[Exercise objective]: Would you transcribe the entries below, beginning at the line with "paraguay Karta i" and ending after the line with "Русский медведь арт", exactly, with no picture and nothing more?

[Study material]:
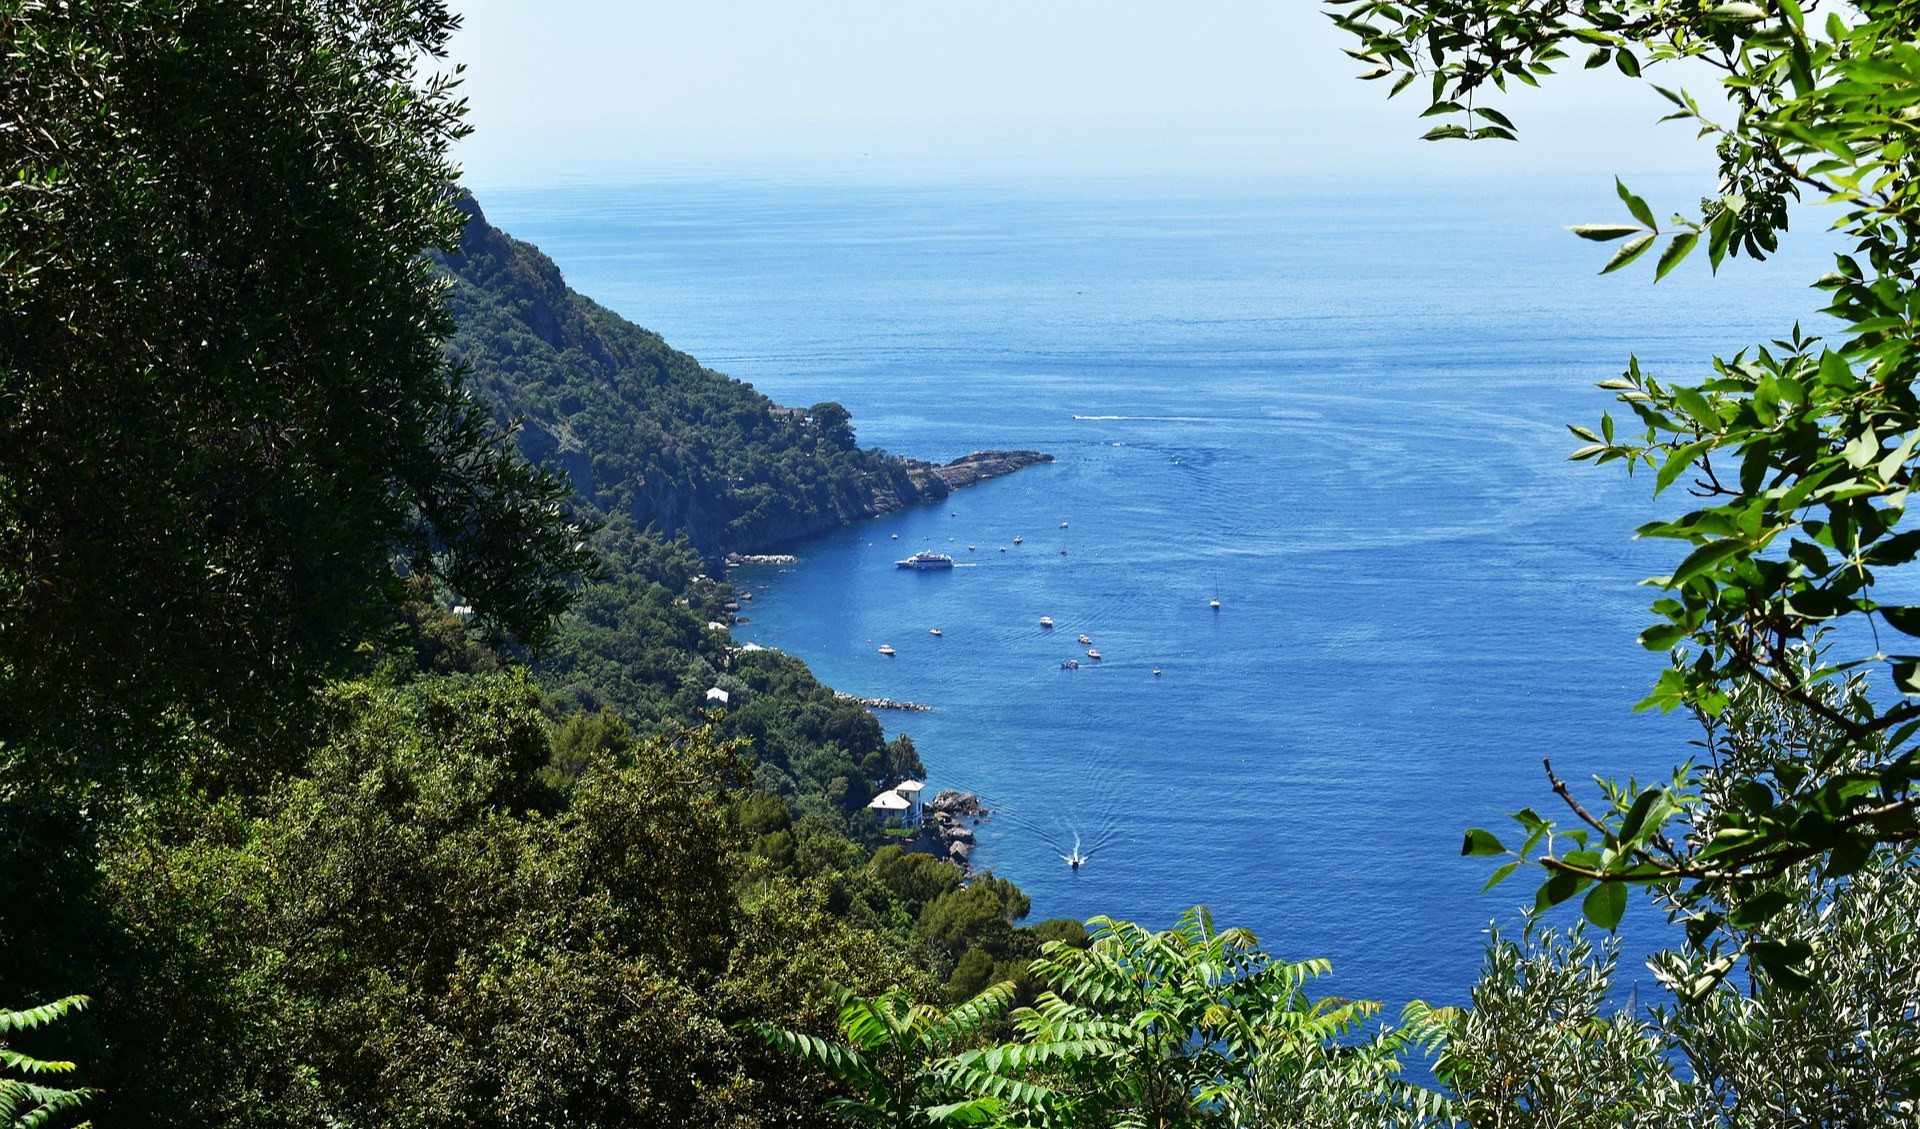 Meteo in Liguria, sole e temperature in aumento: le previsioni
...
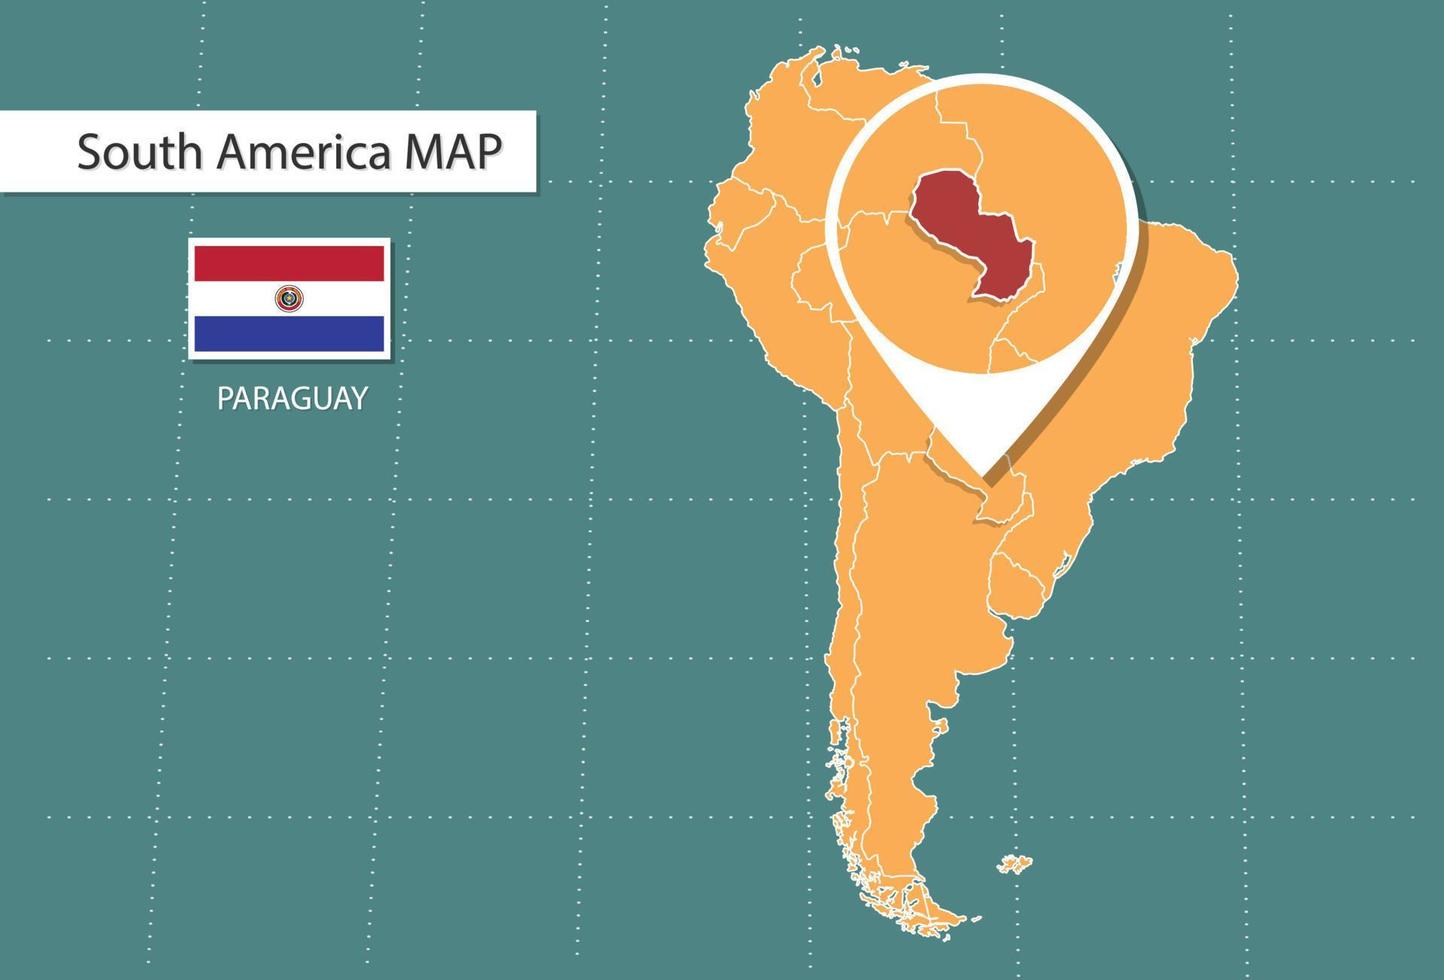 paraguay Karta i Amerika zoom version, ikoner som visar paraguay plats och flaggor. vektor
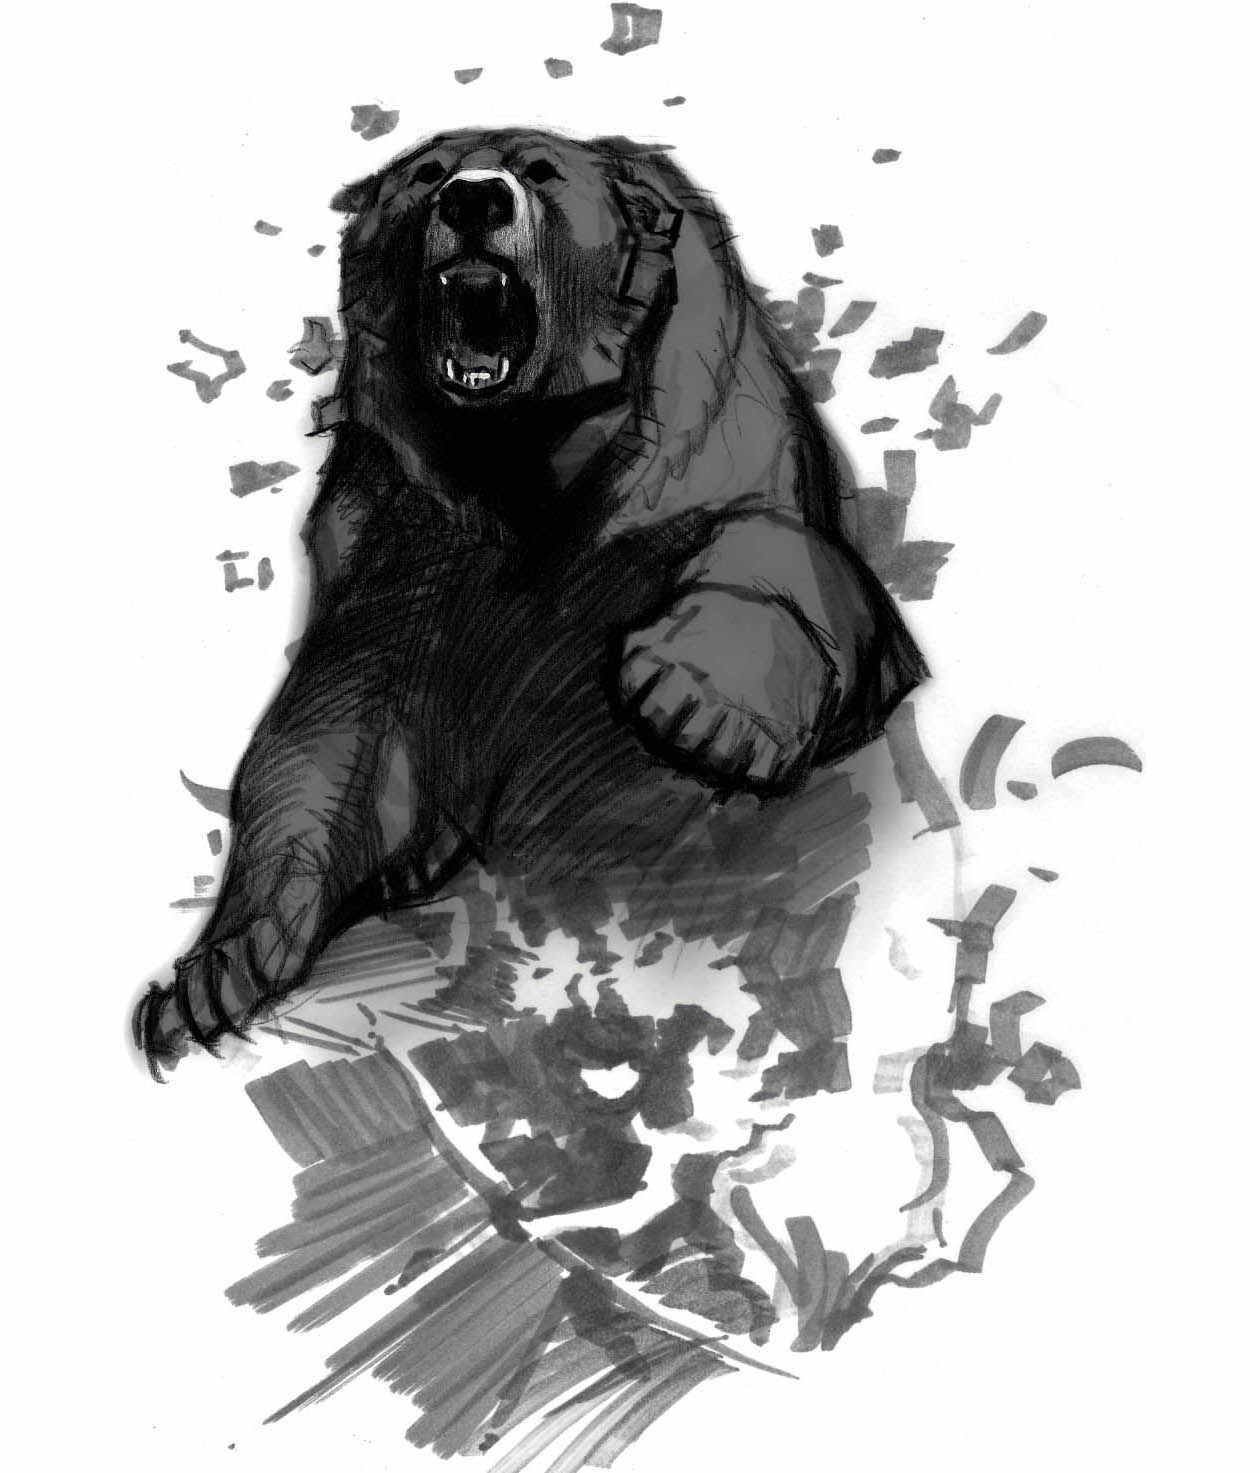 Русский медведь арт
* * *
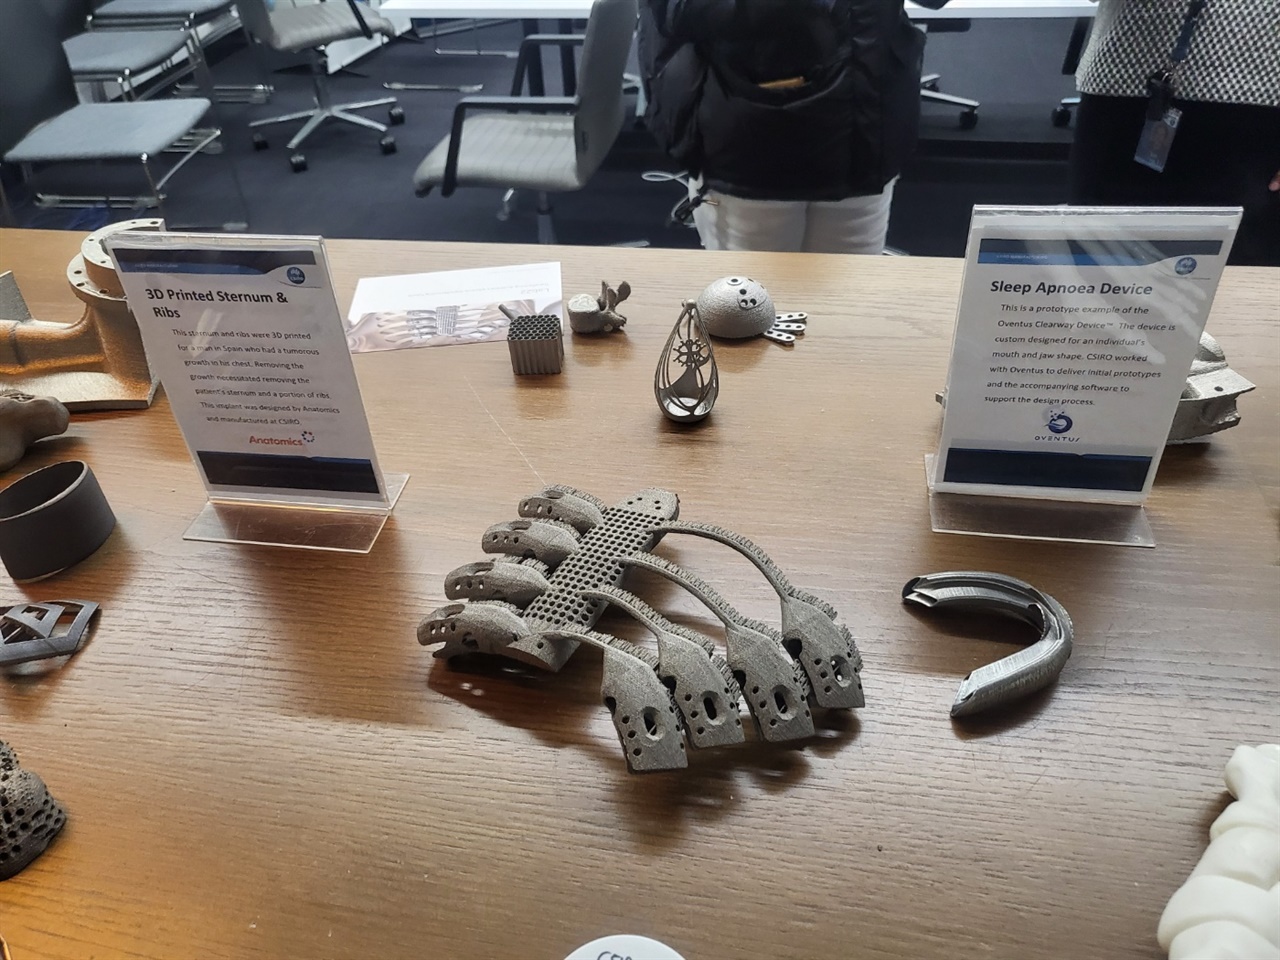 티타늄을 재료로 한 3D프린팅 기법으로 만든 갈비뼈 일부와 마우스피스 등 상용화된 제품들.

[Output of the exercise]:
 paraguay Karta i Amerika zoom version, ikoner som visar paraguay plats och flaggor. vektor
 Русский медведь арт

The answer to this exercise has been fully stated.